Survival analysis: using time varying covariates for resolving violated PH p1 is a factor
p2 is a continuous variable
Model
m = Survival_function ~ p1 + p2

Both covariates - p1 and p2 - violate the proportional hazards assumption. I am interested in showing p1's effect on survival, p2's PH violation should just be "somehow managed" to say that the showable result was adjusted to p2.
rstanarm survival package for R offers modelling time-varying effects of covariates. Example of time-varying effect is given below.

Question
This package does not allow testing for PH assumption (there is no specific test for this purpose but plotting the effects of simple time-varying models can be a possible alternative?). If I specify the covariates in the model as "time-varying" ("tve()"), does it automatically "resolve" the PH violation (the results of the model are OK for publishing)?
m = Survival_function ~ tve(p1) + tve(p2)

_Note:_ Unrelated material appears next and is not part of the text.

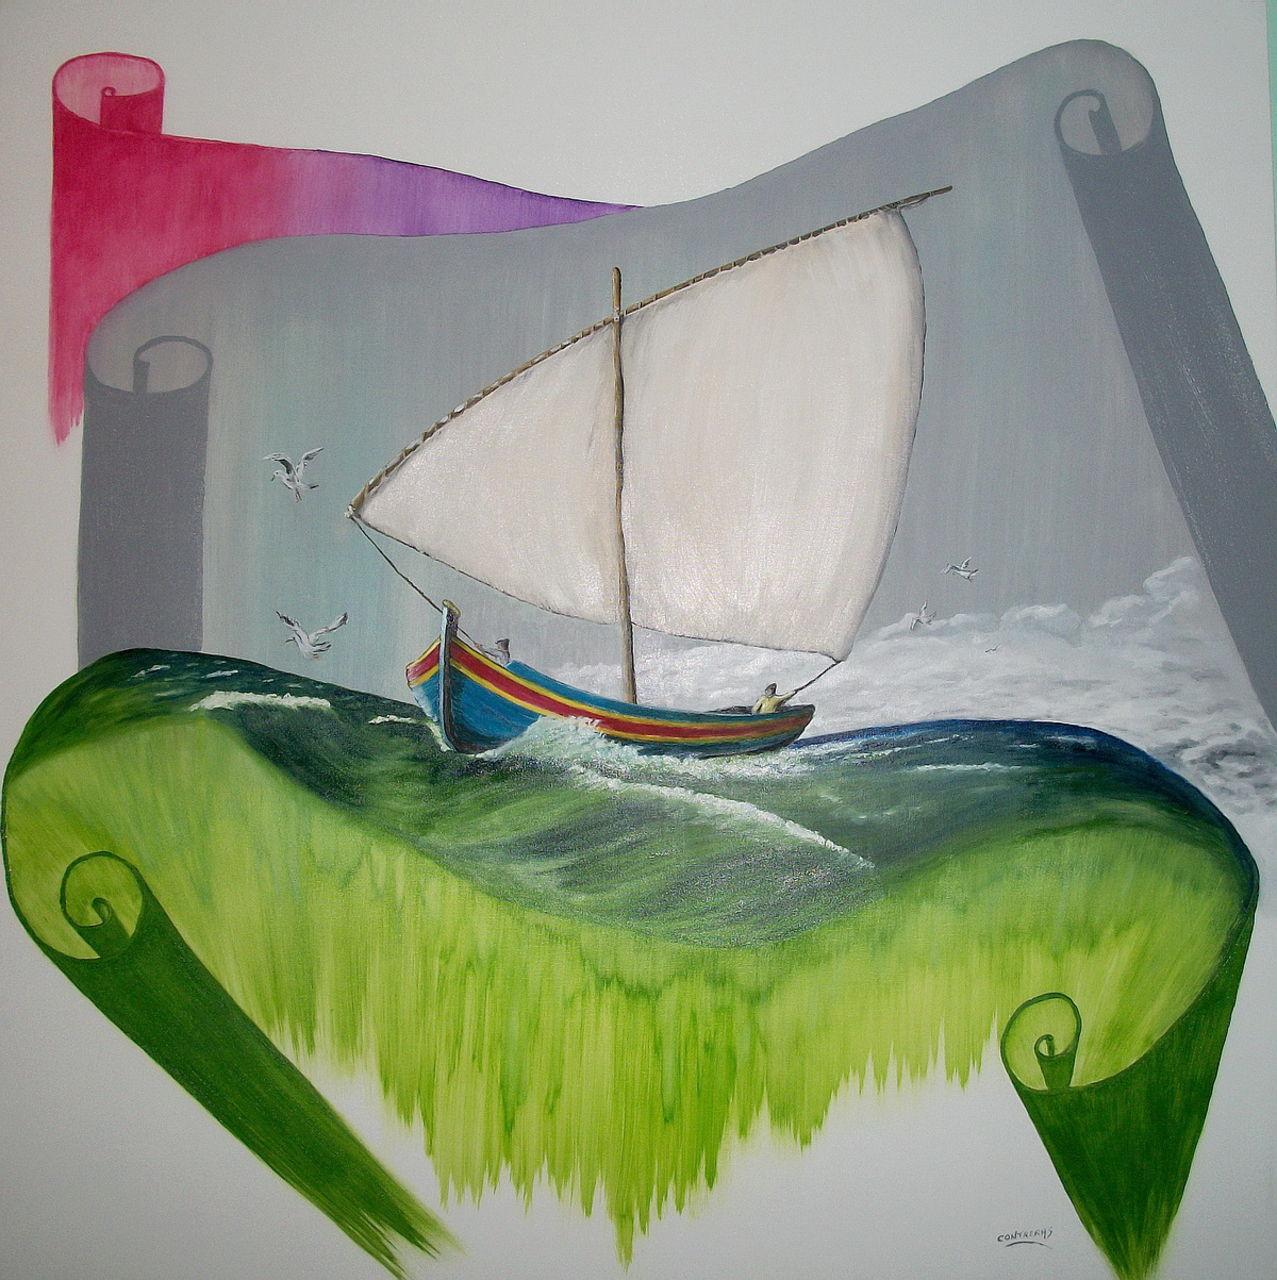 patrick contreras La barque Catalane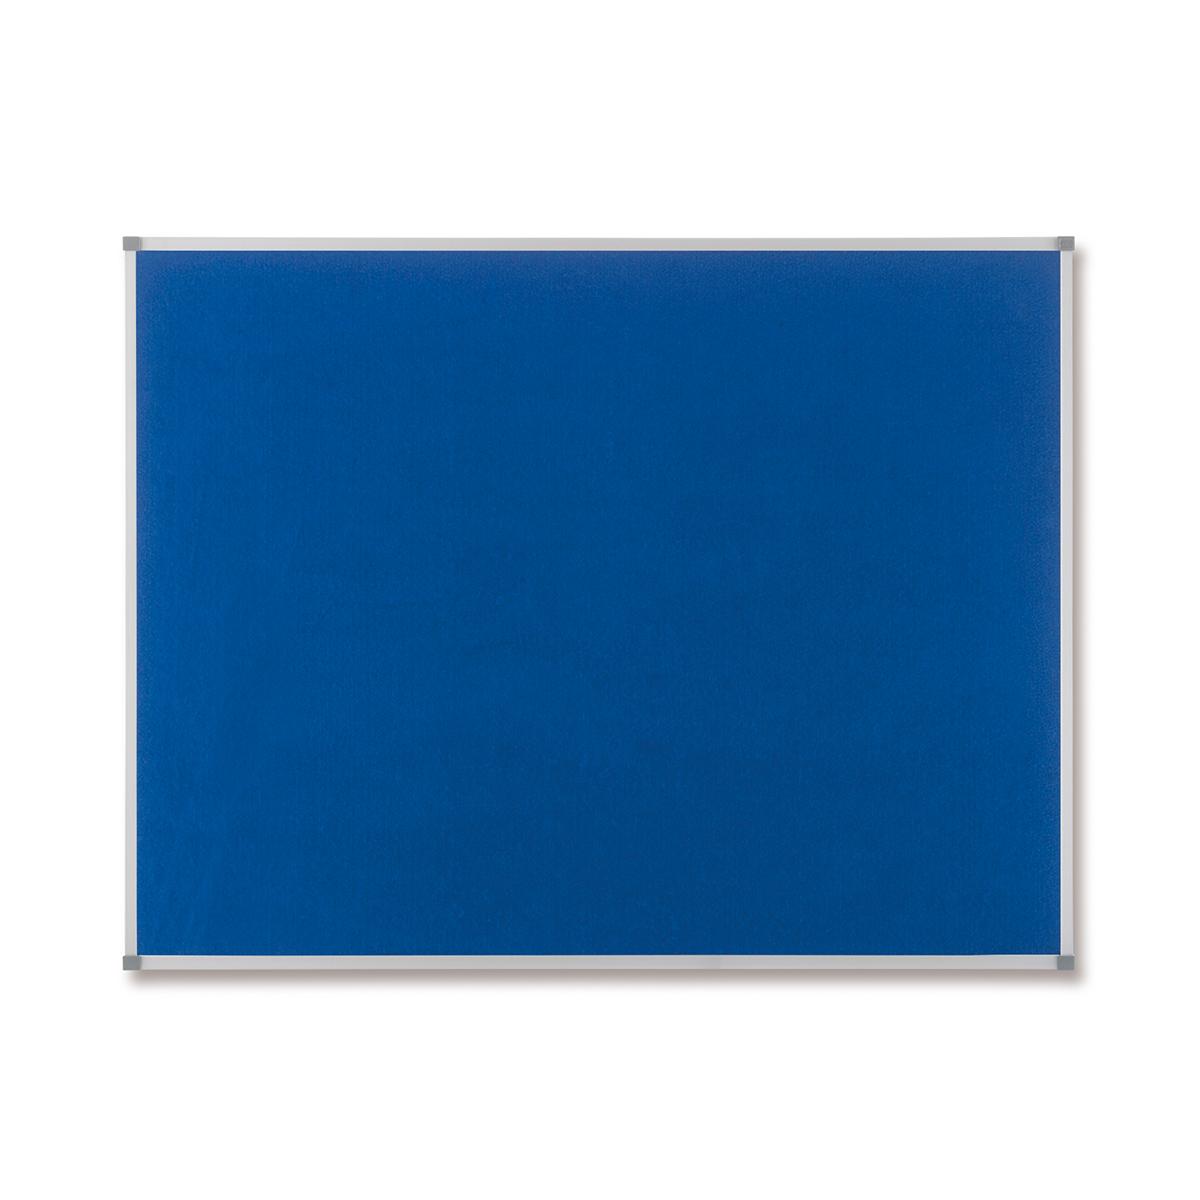 Nobo 1900916 Classic Blue Felt Noticeboard 1200 x 900mm

My own understanding is that if I show a plot like above for p1, then its related PH violation would be resolved as I show a time-varying effect. Is the PH of p2 similarly "resolved"?
Or am I wrong here? The time-varying effect is similar to using restricted cubic splines in classical statistics Cox models that sometimes resolves PH and sometimes not.
 A: What you're proposing is to use time-varying effects or cofficients of covariates. To avoid confusion, restrict the phrase "time-varying covariates" to situations in which the values of covariates change over time. See the R time-varying vignette for the distinction.
Before you proceed to time-varying coefficients, try to improve the model to reduce the violation of proportional hazards (PH). Your model presently is restricted to a linear association of p2 with log hazard, and only includes two predictors. A more flexible fit of p2 and incorporation of other outcome-associated predictors might get around the PH violation. Alternatively, your data might better be handled with an accelerated-failure-time model that doesn't require PH (but comes with its own assumptions).
If you do end up needing to use time-varying coefficients in your model, there doesn't seem to be any easy computational test for PH thereafter. Although the R survival package used to report results for a cox.zph() test of PH on a model including the tt() term used to handle time-varying coefficients, that calculation was incorrect and is no longer performed starting with version 3.1-2 of the survival package. In the time-varying vignette linked above, the test for modeling PH properly thus is a visual comparison of shapes between the modeled time-dependence function and the smoothed estimates of variance-scaled Schoenfeld residuals over time from the model without the time-varying coefficient.
I'm not familiar with the rstanarm* package, but in a quick look at its manual I didn't see that the package provides those residuals for evaluation. The plot you show from the rstanarm documentation is only a comparison between the time-dependence of simulated data and what was returned by the function, so you can't really "show a plot like above for p1" for a model of empirical data. You might find a way to do a visual comparison like that in the survival package documentation if you can find a way to extract the correct residuals from the rstanarm model.
Nothing "automatically" assures that results will be "OK for publishing"; you need to be ready to document to the reader that your model is good enough for its purposes. If you choose to use a Bayesian survival model, make sure that you understand the principles very well and are prepared to defend the modeling to a skeptical reviewer. Advantages of Bayesian survival modeling have long been appreciated but still aren't what one typically sees in the literature, so your reviewers and readers might need more than the usual guidance to understand what you're doing.

*As I understand it, the Bayesian modeling used by rstanarm isn't strictly a Cox model. Unlike a standard Cox model, it seems to fit the baseline hazard directly as part of the model.